I did not test their headphone outputs. According to Julian Krause's tests, Topping has an excellent headphone amp, which is also backed by
Amir's measurements, and SSL's headphone out is also nice within its limit of being bus-powered.
Conclusion
I had high hopes for SSL 2 MKII because it adopts the ES9821 ADC chipset which is ESS's relatively new ADC solution. Not the level of ES9822PRO, but still excellent on paper. SSL 2 MKII's ADC performance, however, is not impressive. It shows problematic distortion behavior especially when it meets with strong input signals, which worsens with higher-frequency tones. The same goes for its DAC which is based on ES9016K2M. Distortion increases with output amplitude and frequency. In contrast, Topping E2x2 OTG does not exhibit such problems. I can easily recommend the Topping but can't SSL.
Then, why do we see this undesirable distortion behavior from SSL? I don't believe it extracts the full potential of its employed chipsets. My strong suspicion is that designers at SSL made some compromises to make it stably operate entirely bus-powered. It has to provide everything, including mic preamp, phantom power, over-4-volt line out, and relatively powerful headphone out. It does all of these solely bus-powered---I made sure of using a quality powered USB hub for this testing. I'm not sure if it's possible to achieve all these without making a compromise.

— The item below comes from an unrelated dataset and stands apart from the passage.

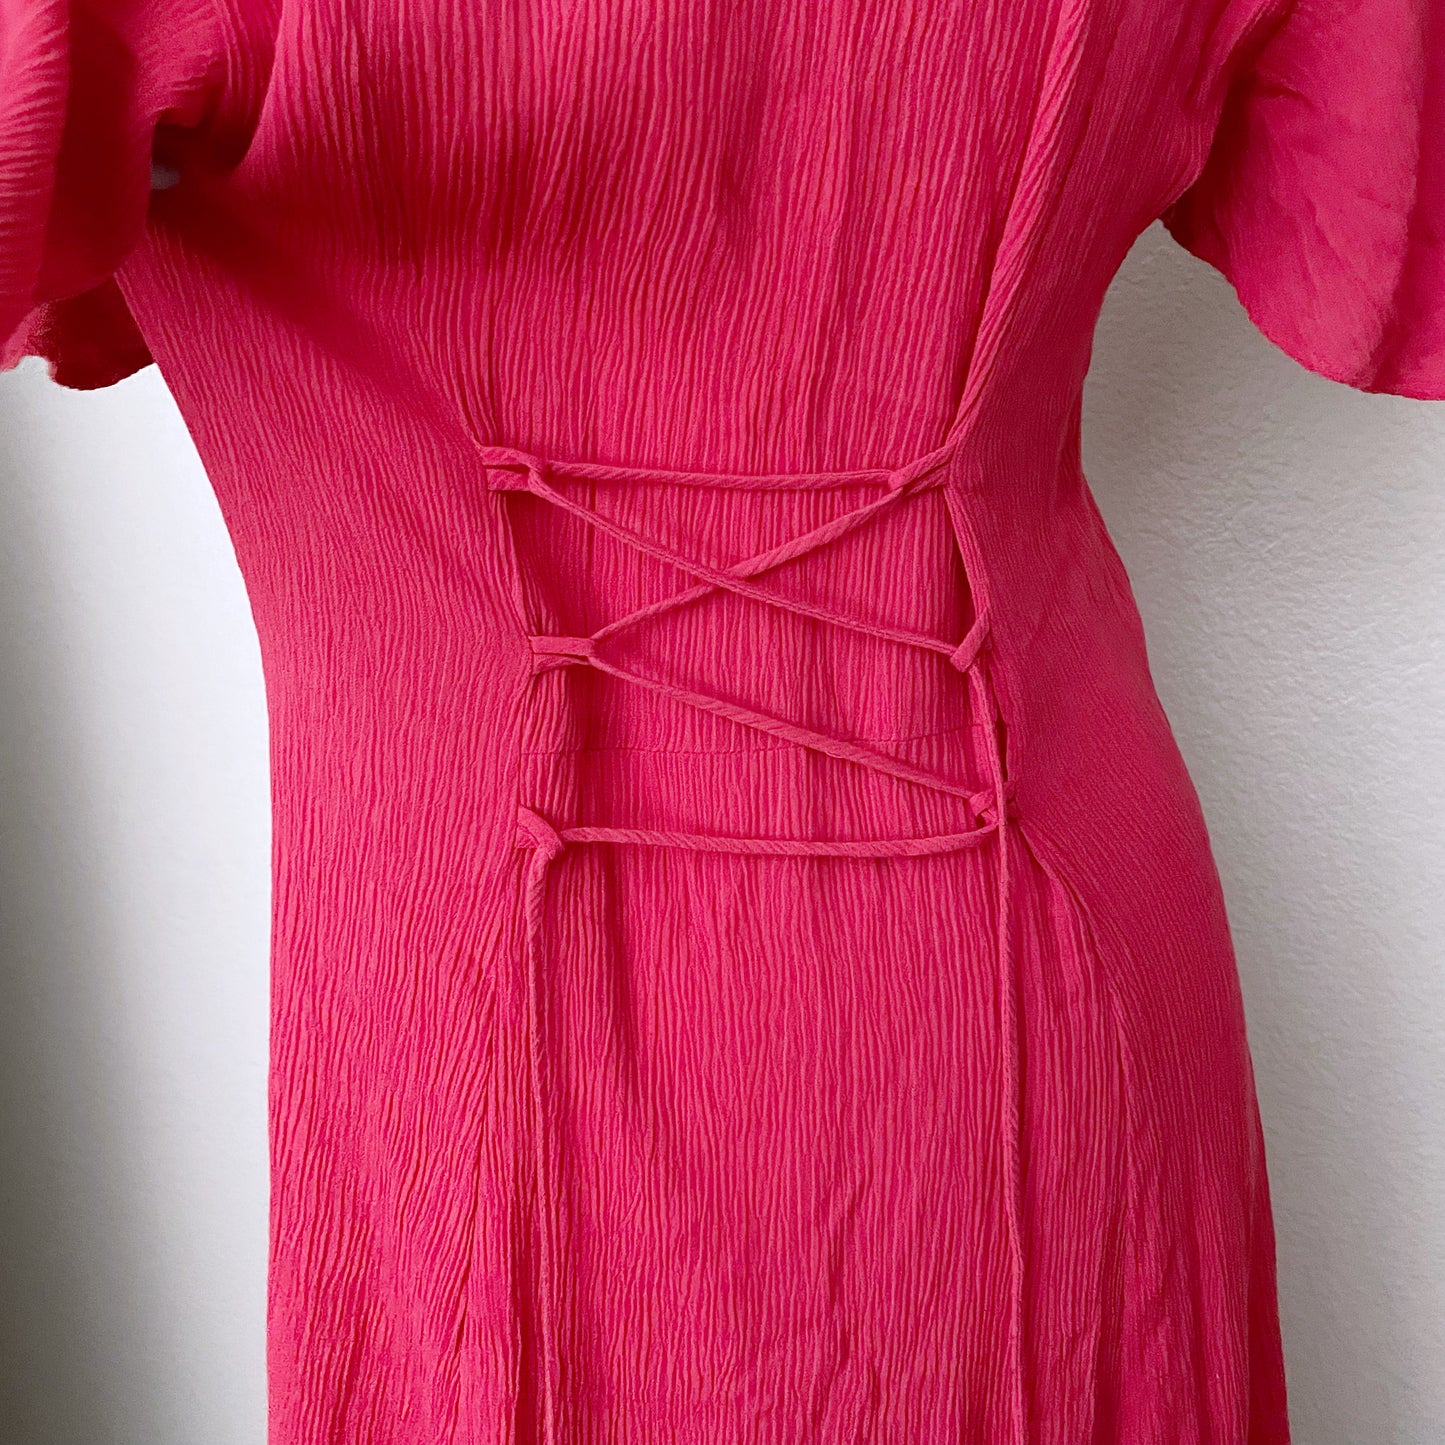 Gauzy Vintage Hot Pink Maxi Dress (8)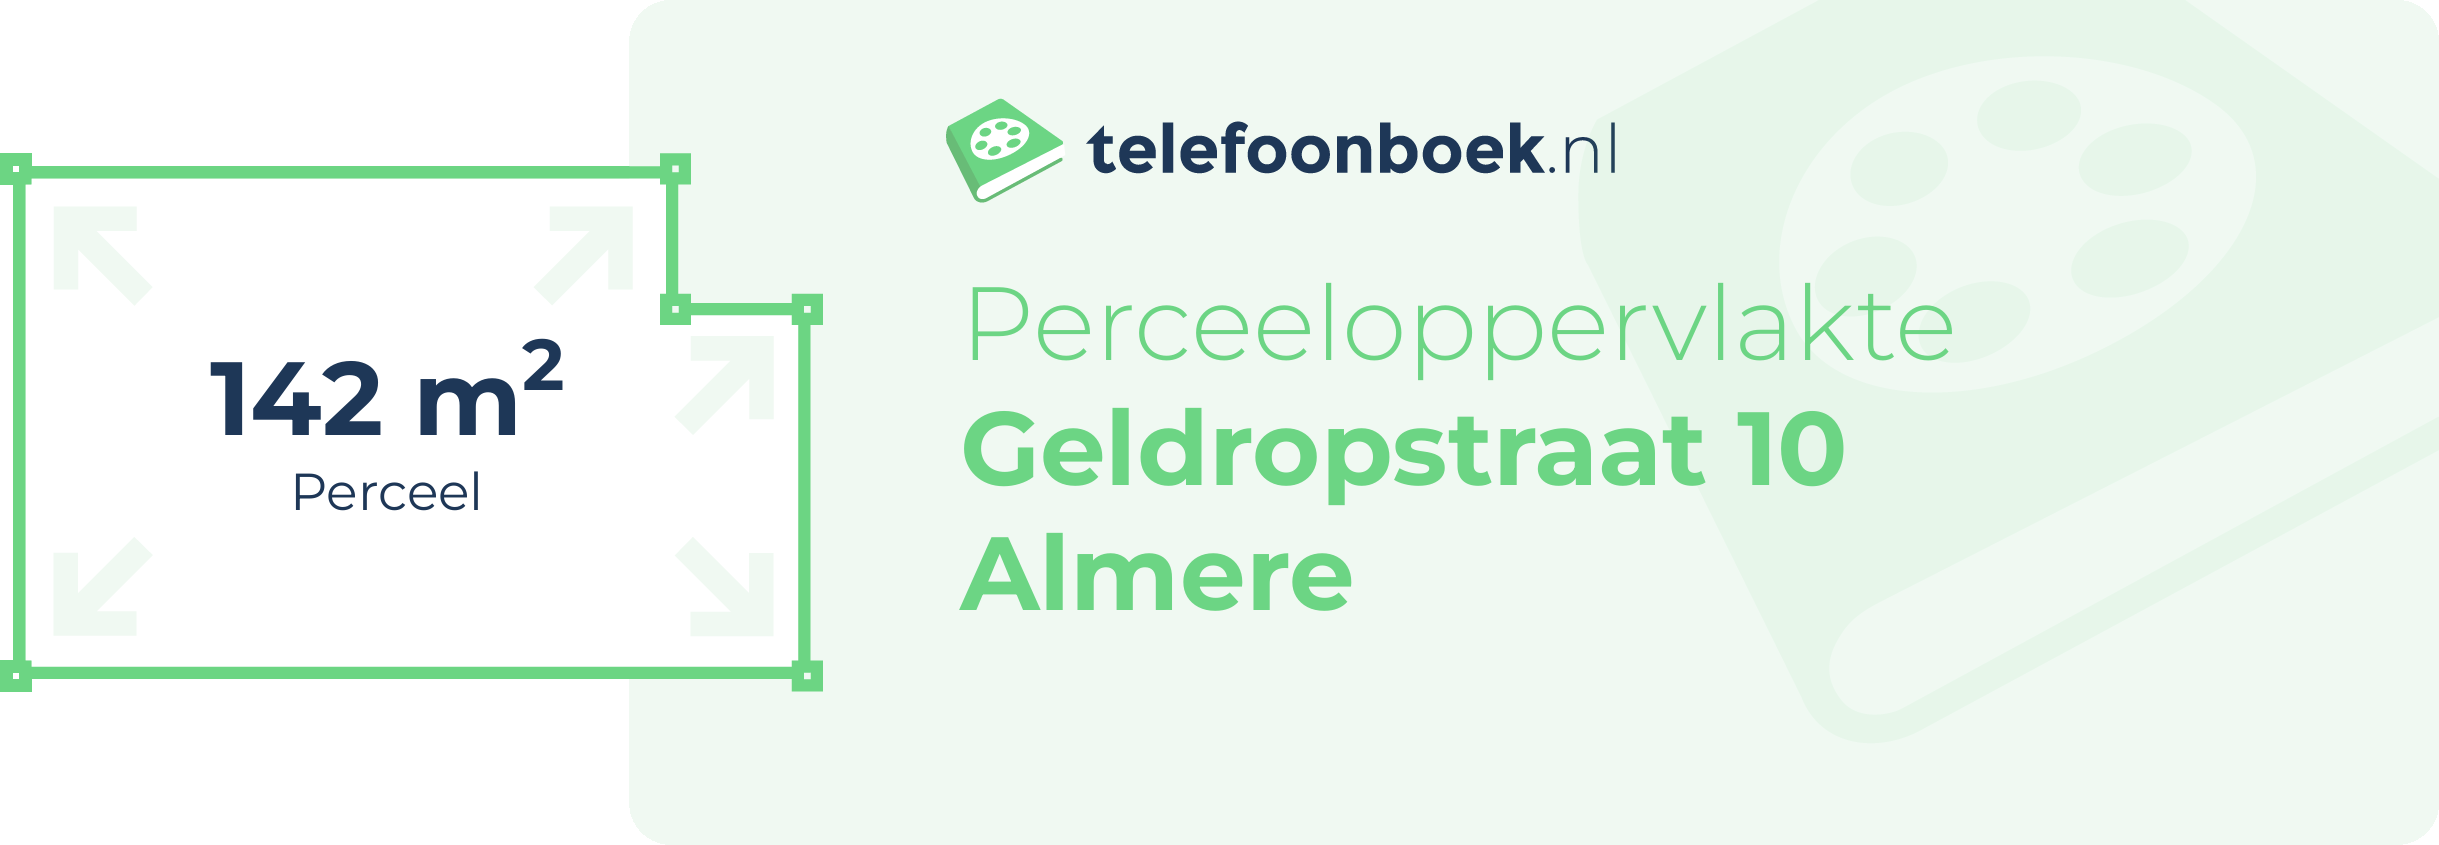 Perceeloppervlakte Geldropstraat 10 Almere

There are some quirks I do not like with the Topping, though. Its input gain control knobs are very sensitive at some positions, making it difficult to set levels. Its design feels less sophisticated than the SSL. I love the SSL's appearance and ergonomics. I would have preferred it if its performance had been on par with the Topping's. Practically, however, it is possible to use SSL 2 MKII within its limitation. If one makes sure of setting its gain to a lower position to keep recorded signals well away from the peak level, the recording quality should be fine with DNR somewhat compromised.